Llegar a fin de mes se presenta como una quimera para la inmensa mayoría de las familias, que ven cómo el paro y la mala situación de la economía en general son una pesada losa para sus finanzas. La inmensa mayoría ve en el desempleo el gran freno a sus proyectos y a los del país, y reconoce que ni consume hoy ni consumirá el año que viene.
Julio Díaz de Alda - Colpisa, 5 de diciembre 2011.
Ese es el panorama que dibuja el Indicador de Confianza del Consumidor que, por primera vez, realiza el Centro de Investigaciones Sociológicas (CIS). El trabajo revela una ligera mejora en los ratios globales de confianza sobre el presente y el futuro ecomómico, pero sus entresijos dejan bien claro el mal momento que atraviesan los hogares.
Y es que a la hora de describir la situación familiar, el 40,5% de los encuestados reconocde que llega “justo” a final de mes. A ese porcentaje se suma otro 14,2% que reconoce dificultades para cuadrar las cuentas, por lo que se ve obligado a echar mano de los pocos o muchos ahorros que existan en casa, y otro 6,6% que, directamente, se ve en la obligación de endeudarse aún más para solventar la papeleta.
En definitiva, el 61,3% lo tiene complicado para saldar el balance mensual. Un grupo que contrasta con el 34,5% que dice poder ahorrar un poco y el afortunado 4,3% que asegura que a final de mes le queda un remanente de “bastante dinero”. Y es que nueve de cada diez tiene claro que su situación es igual o peor que hace un año.
De cada al futuro, aparece el optimismo: el 44% cree que seguirá igual dentro de seis meses y un 24% opina que estará mejor, el mismo porcentaje que opta por lo contrario y vaticina que le irá peor. Entre los optimistas, la razón para la alegría está siempre ligada al empleo; bien porque uno de los miembros de la familia encoentrará trabajo bien por una subida de sueldo. Los pesimistas optan por el negro como color vital por el alza de los precios o por una caída de los ingresos esperados a causa, una vez más, del paro.
Lo que no deja margen para la alegría es el consumo, antaño uno de los motores de la economía nacional. Entre el 74% y el 93% de los encuestados afirma no haber comprado en el último medio año consumibles como coches, muebles o electrodomésticos. ¿Y los comprarán en 2012? La respuesta es abrumadora: un 87,3% cree que realizará el mismo nivel de compras o inferior.
La cola del paro es el fantasma más temido. El 71,7% de los ciudadanos consultados tiene algún familiar o conocido en el paro. Y el 70% asegura que encontrar un empleo es hoy más difícil que hace un año. Con esos mimbres, ahorrar es también complicado: solo uno de cada diez cree que lo conseguirá durante el 2012.
El trabajo del CIS, basado en una encuesta a 1.000 personas realizada entre los pasados días 21 y 24 de noviembre, justo después de las elecciones generales, apunta a nuevas subidas de precios de bienes y servicios. Más inflación. Casi la mitad de los ciudadanos (el 49,1%) cree que el IPC subirá el próximo año, y el 35,4% calcula que se mantendrá igual (3%). Solo un 8,3% opta por un abaratamiento de la vida.

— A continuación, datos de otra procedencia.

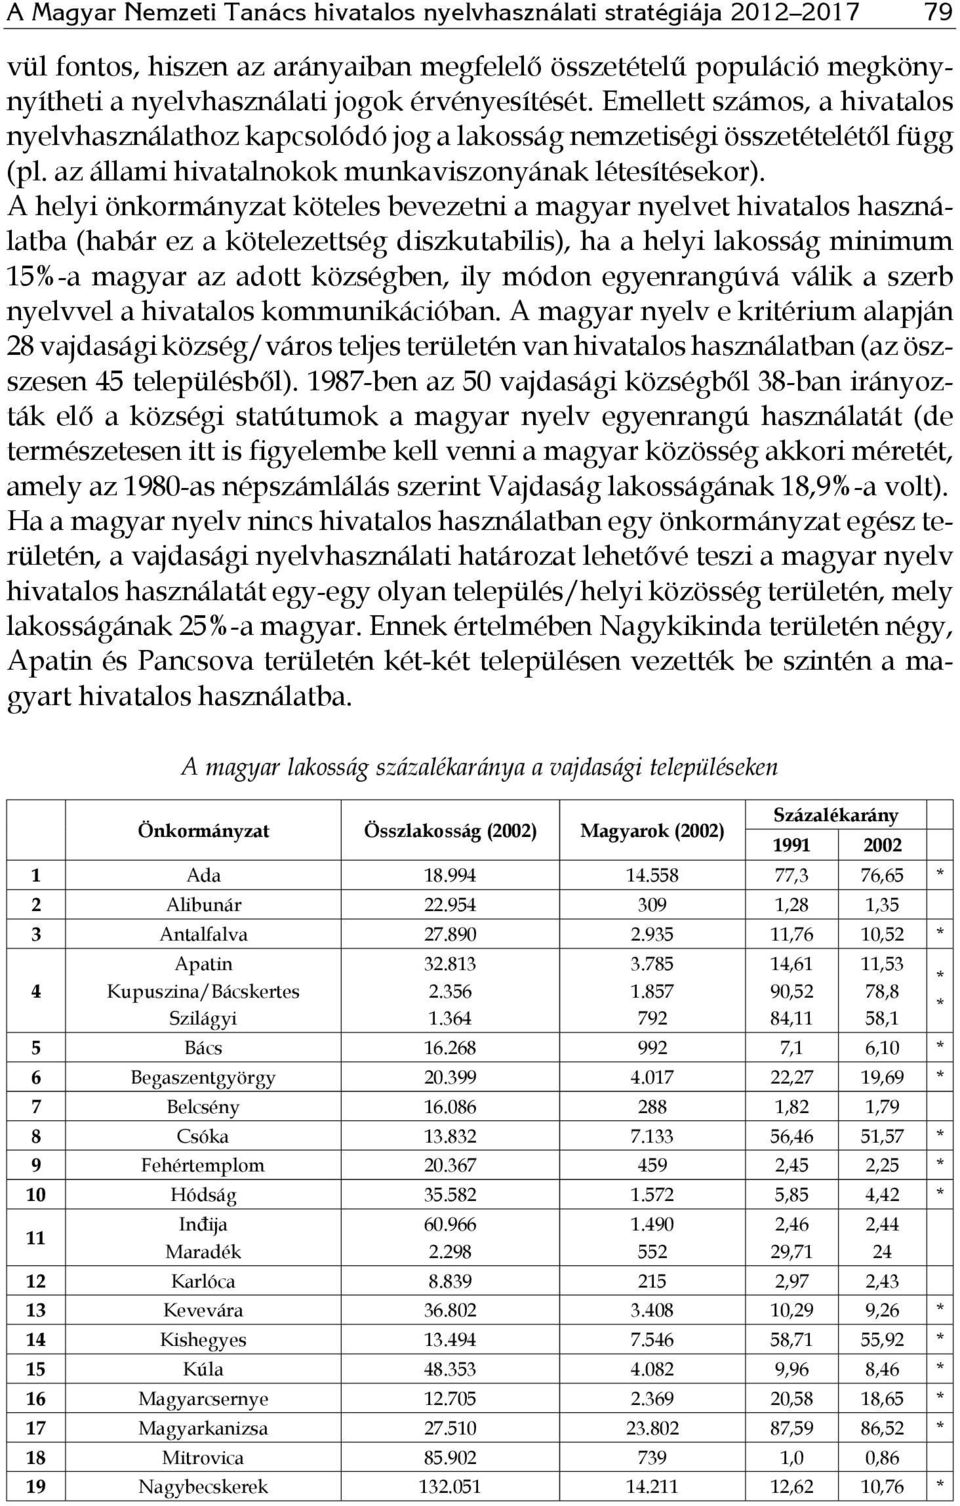 A helyi önkormányzat köteles bevezetni a magyar nyelvet hivatalos használatba (habár ez a kötelezettség diszkutabilis), ha a helyi lakosság minimum 15%-a magyar az adott községben, ily módon

Los tipos de interés, la cadena que ata a buena parte de las familias a través de su hipoteca, tampoco permiten alegrías: el 40% cuenta con una subida de tipos y el 35,3%, con un estancamiento. Hoy el precio oficial del dinero en la eurozona está en el 1,25%, aunque crece la presión al Banco Central Europeo (BCE) para que baje esa referencia. Quizá como consecuencia de esa visión sobre el coste de los créditos, el 95,4% de los consultados declara que no tiene planes de comprarse una vivienda a lo largo del próximo ejercicio. Aquí, la sequía del crédito que imponen las entidades financieras también tiene mucho que ver.